En avril, les exportations chinoises ont, de manière inattendue, fortement augmenté, tandis que les importations ont atteint leur niveau le plus élevé en une décennie. Cependant, les analystes estiment que les exportations ont presque atteint leur pic périodique.

L’Administration générale des douanes chinoise a déclaré, vendredi 7 mai, que les exportations en dollars avaient augmenté de 32,3% en glissement annuel pour atteindre 263,82 milliards de dollars, dépassant ainsi les prévisions des analystes, qui étaient de 24,1%, ainsi que le taux de 30,6% relevé en mars.

La forte reprise économique aux Etats-Unis et l’arrêt de la production manufacturière dans d’autres pays frappés par la pandémie de coronavirus ont stimulé la demande pour les produits chinois, ont expliqué les analystes.

Selon l’agence Reuters, Zhang Zhiwei, économiste de Pinpoint Asset Management, a déclaré que les exportations chinoises avaient à nouveau dépassé les attentes, et que cela s’expliquait par la reprise économique aux États-Unis et la crise sanitaire du Covid-19 en Inde. Les commandes sont donc transférées vers la Chine, ce qui serait, d’après lui, la cause de cette situation.

Il a ensuite ajouté que la croissance des exportations devrait demeurer forte aux deuxième trimestre, car les deux facteurs cités ci-dessus devraient rester favorables aux fabricants chinois. Les exportations devraient donc constituer un pilier fondamental à la croissance de la Chine cette année.

Ces chiffres ont également poussé le yuan et la hausse, et fait monter les actions en Chine ainsi que dans d’autres marchés asiatiques.

En avril, les importations chinoises ont également connu une croissance impressionnante, avec une augmentation de 43,1%. C’est le taux le plus rapide depuis janvier 2011. En mars 2021, il s’élevait à 38,1%.

Cependant, Zhang Yi, économiste chez China Overseas Shengrong Capital Management Co., Ltd., a déclaré qu’à mesure que la Chine réduirait son soutien à sa politique budgétaire, la forte croissance des importations pourrait être maintenue grâce à l’inflation des prix.

« Il faut souligner que la croissance rapide actuelle en glissement annuel est largement attribuable à la croissance négative d’il y a un an.
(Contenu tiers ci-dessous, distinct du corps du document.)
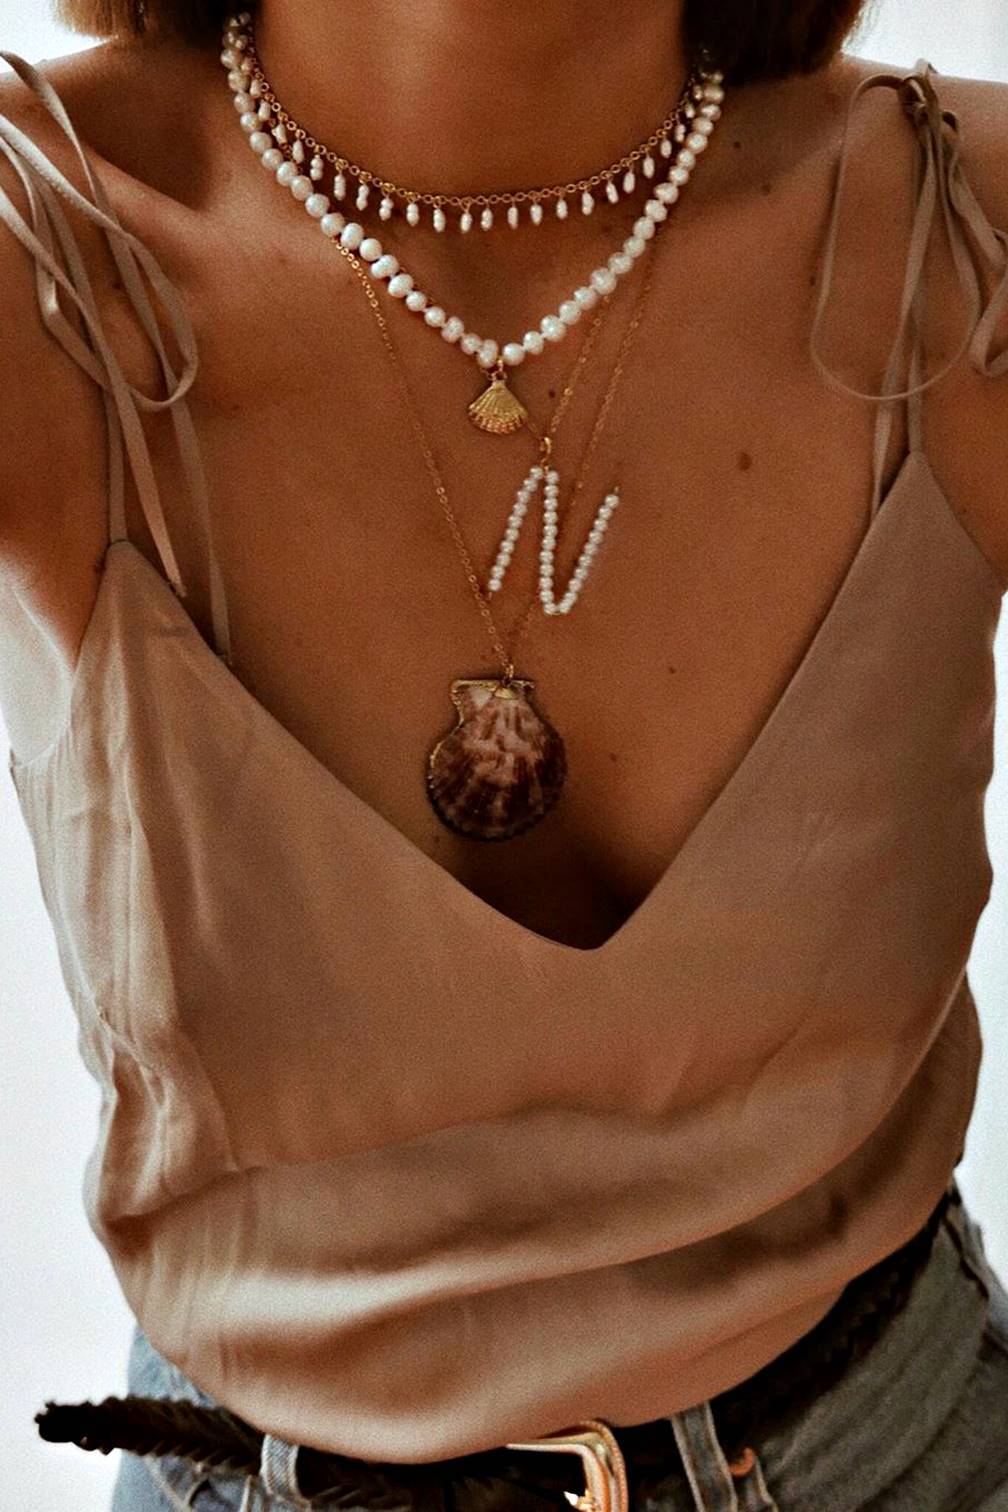 Brigitte "La Mer" Necklace - Boutique Minimaliste has waterproof, durable, elegant and vintage inspired jewelry

Le taux de croissance moyen sur deux ans n’est que de 10%. Ce n’est pas très élevé ».

Selon les prédictions des analystes, la Covid-19 ayant largement perturbé les chaînes mondiales d’approvisionnement, ralenti les flux de marchandises et augmenté les coûts de transport, la croissance économique de la Chine connaîtra un ralentissement record de 18,3% au premier trimestre.

« Malgré les perspectives optimistes de la demande et le soutien politique, on s’attend à ce que les contraintes du côté de l’offre se poursuivent pendant un certain temps. Elles comprennent la pénurie mondiale de puces, des interruptions d’expédition, le manque de porte-conteneurs et la flambée des prix du transport », a déclaré Christina Zhu, économiste chez Moody’s Analytics, le 6 mai.

La semaine dernière, l’indice des directeurs d’achat pour l’activité manufacturière chinoise a montré, qu’en avril, et en raison des contraintes de production, le taux de croissance de l’activité des usines a ralenti par rapport au mois d’avant.